Watchdog probe of Mnuchin's travel is nearly complete

Mnuchin: Plane request was about national security, not personal travel
Mnuchin: Plane request was about national security, not personal travel

An investigation into Treasury Secretary Steven Mnuchin's use of government jets could be completed and made public as early as Friday, an official at the Treasury Department's inspector general office told CNN on Wednesday.

This is the first time a Treasury secretary has ever been investigated by the inspector general for use of military aircraft for travel -- personal or otherwise.

Richard Delmar, counsel to the inspector general, told CNN the office hopes to post its report about its investigation on its website by Friday.

In August, the department's inspector general, an independent office that investigates allegations of wrongdoing within Treasury, began reviewing every trip Mnuchin has taken using taxpayer-funded planes during his 10-month tenure.

The IG's office has declined to say the exact number of trips included in its review. It is looking into White House authorizations of Mnuchin's trips and whether trips taken by Mnuchin's wife were reimbursed, according to Delmar.

The facts and recommendations compiled by Inspector General Eric Thorson will be given to Congress and the Treasury Department and be made public at that time.

Related: Top aide to Steven Mnuchin flew with hedge-fund billionaire

Inspectors general, which operate throughout the federal government, don't have power to mete out discipline. But their reports can pressure government officials to correct missteps or even resign.

"There is accountability that you're going to have to answer to members of Congress and to the public," said Scott Amey, general counsel for the Project on Government Oversight, a nonpartisan watchdog group. If the problem is not corrected, Congress could seek to impose greater oversight on travel by Trump administration officials.

A Treasury spokesperson could not immediately comment on the department's internal processes for disciplining officials.

The inspector general is reviewing a trip Mnuchin made to Kentucky with his wife in August, around the time of the solar eclipse. He is also looking into a request Mnuchin made to use a government plane for travel that coincided with his honeymoon.

Lawmakers have been pressing members of President Trump's cabinet to disclose information about their use of government planes or taxpayer-funded private planes.

Former Health and Human Services Secretary Tom Price resigned on Friday after an outcry over his use of private charter planes for government business.

EPA Administrator Scott Pruitt has also used private planes for government duties, the agency confirmed last month.

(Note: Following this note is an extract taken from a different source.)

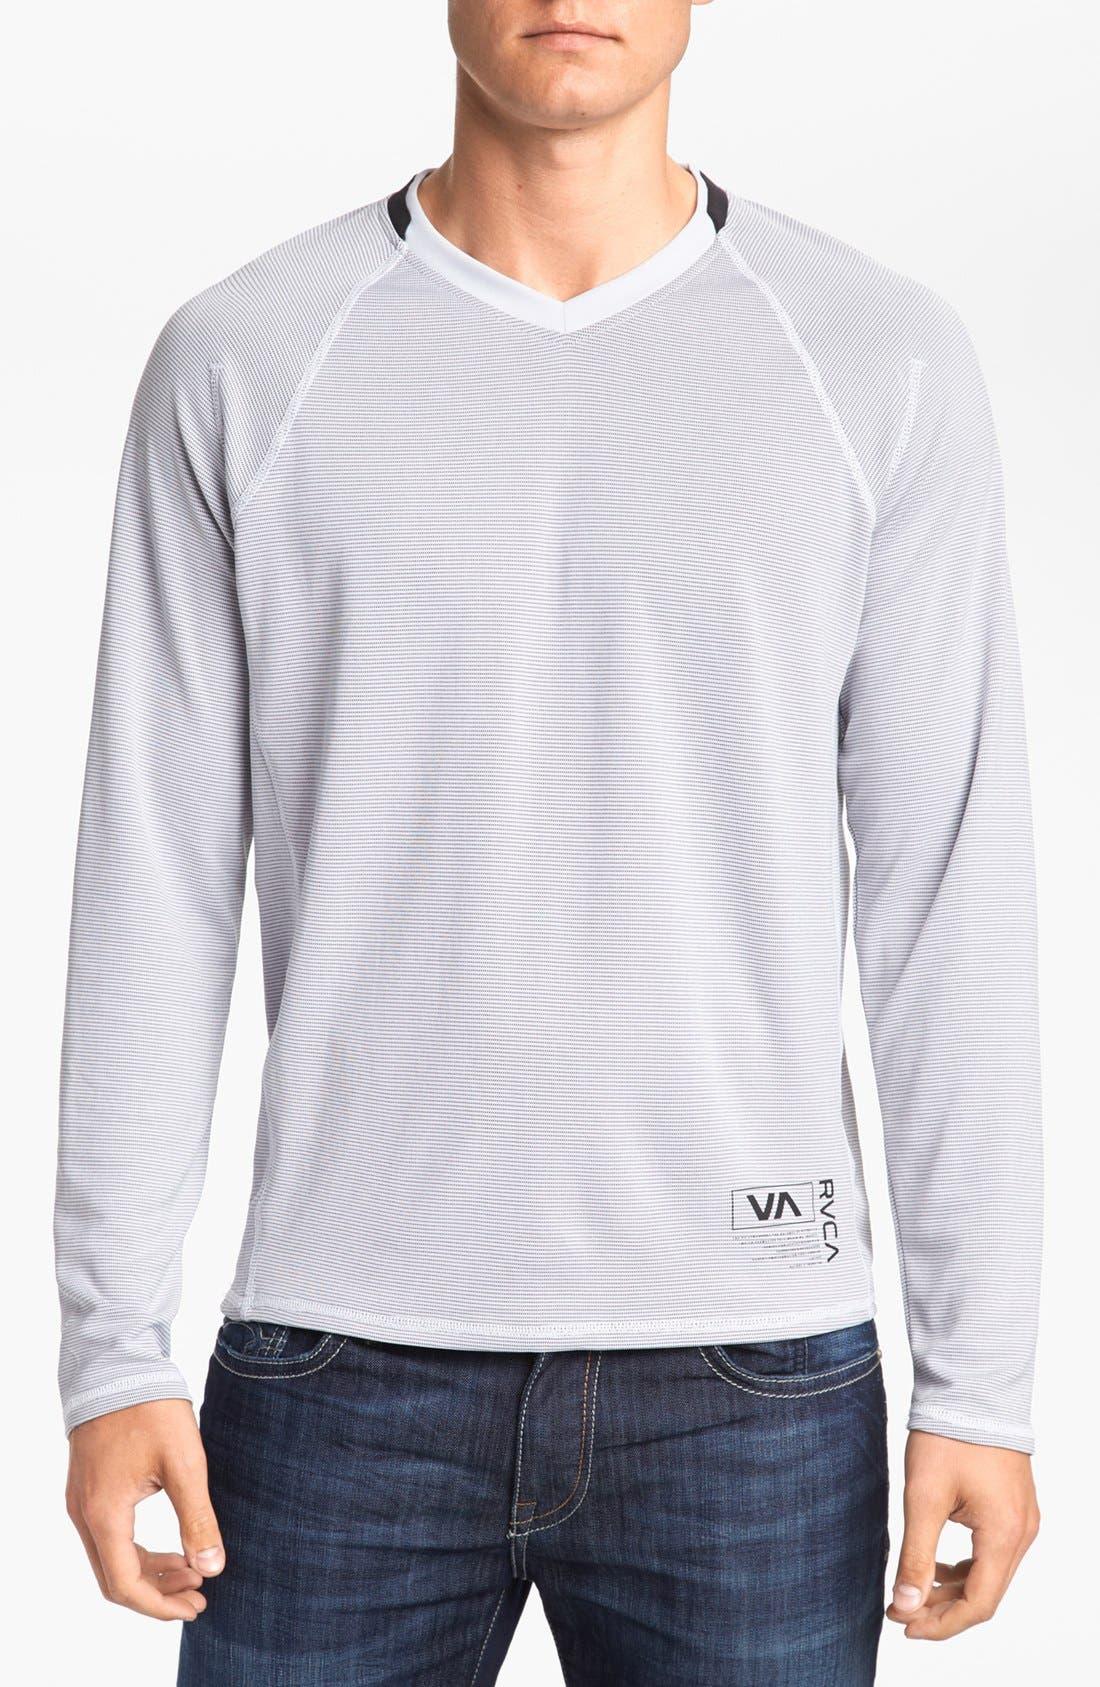 Alternate Image 1 Selected - RVCA 'Fraction' Long Sleeve V-Neck T-Shirt
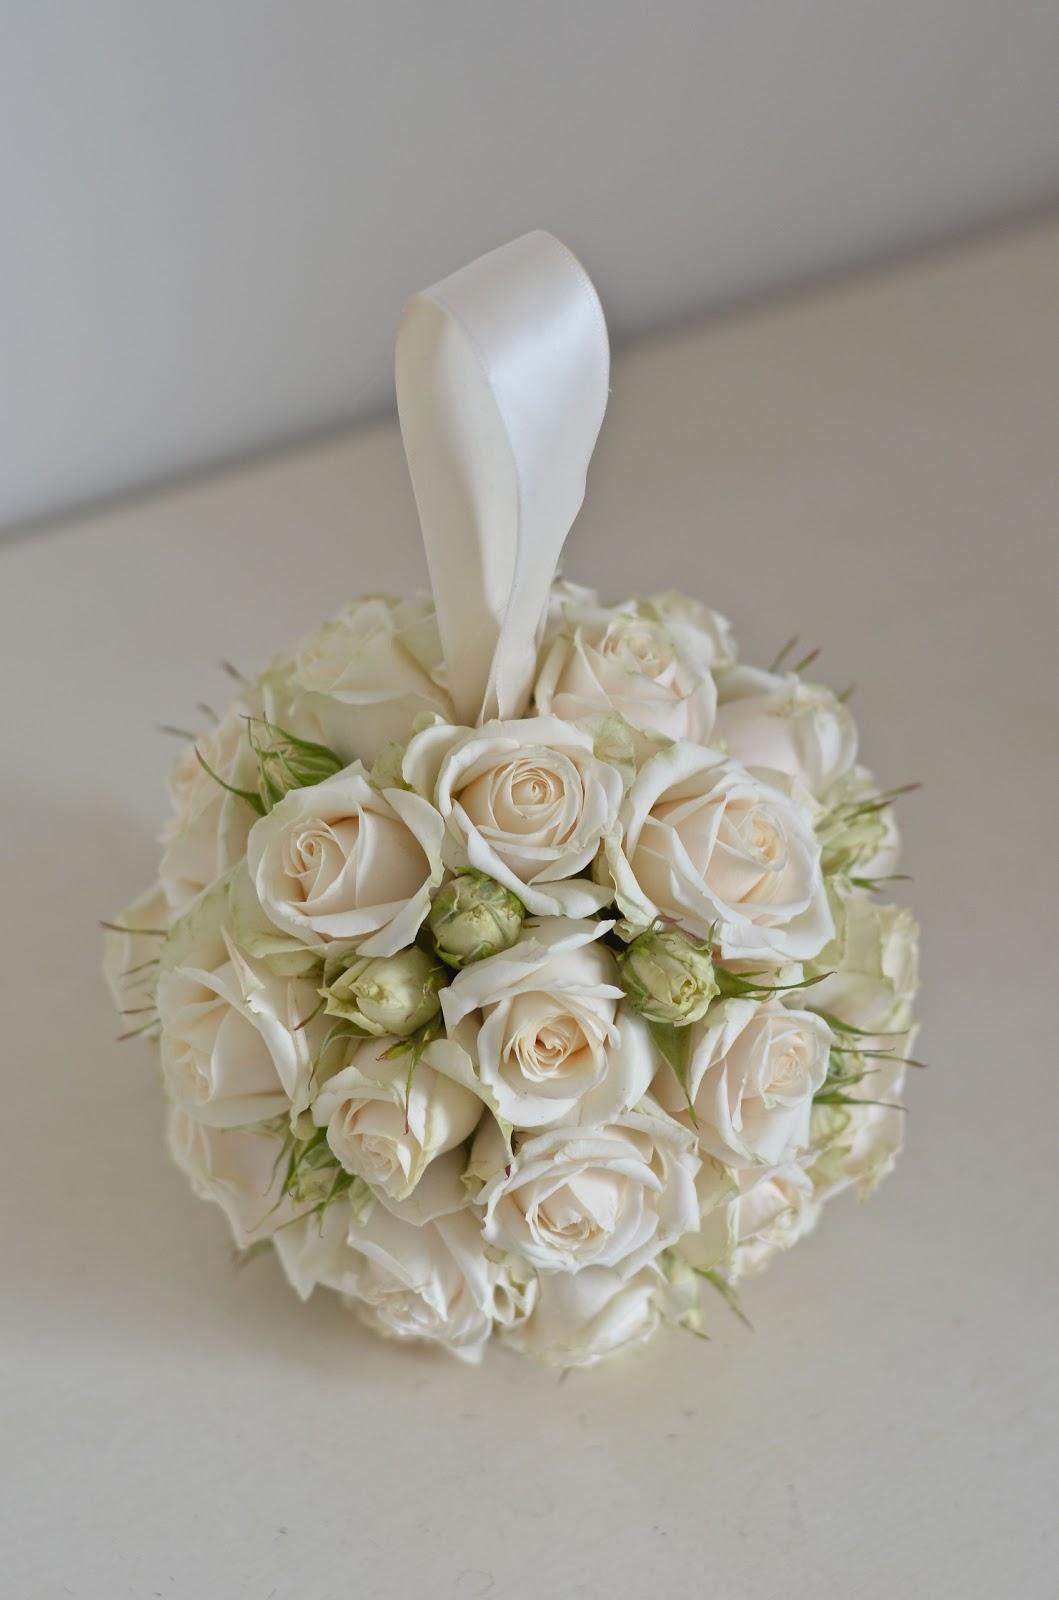 wedding flowers blog danielle 39 s classic wedding flowers careys manor. Black Bedroom Furniture Sets. Home Design Ideas

On Friday, the White House gave authority to Chief of Staff John Kelly to sign off on government travel with aircraft owned, rented or leased by the government.

Related: Mnuchin's missteps: Third time's the charm

Mnuchin, a former Goldman Sachs banker and Hollywood producer, has said he doesn't regret using a government plane to travel to Kentucky with his wife, Louise Linton.

"It was approved by the White House and there were reasons why we needed to use that plane that are completely justifiable," he said on NBC's "Meet the Press" program on Sunday.

The Treasury secretary has declined to commit to using only commercial aircraft while in office.

"I can promise the American taxpayer that the only time that I will be using mil air is when there are issues either for national security or we have to get to various different things where there's no other means," he said on CBS 'This Morning.' "Mil air" is shorthand for military air.

The IG's review was triggered after Linton posted a photo of herself on Instagram stepping out of a government plane on the Kentucky trip. Mnuchin was visiting Senate Majority Leader Mitch McConnell to discuss tax reform.

In her post, Linton tagged luxury designers -- Hermes, Tom Ford, and Valentino. She then belittled a person who commented on it. Social media pounced and called Linton ostentatious and out of touch.

Related: Treasury IG set to review Mnuchin's controversial trip to Kentucky

The Kentucky trip included a stop at Fort Knox, where Mnuchin, McConnell and Linton watched the solar eclipse.

The Treasury Department has defended Mnuchin's trip as "official government travel" and denied that viewing the eclipse was the primary purpose of the trip.

Then, it was revealed that Mnuchin requested use of a government jet, which would have cost $25,000 per hour, for his European honeymoon over the summer. That request to the White House was later withdrawn.

A Treasury spokesperson told CNN that Mnuchin made the request to ensure access to secure lines of communication when he and his wife were abroad.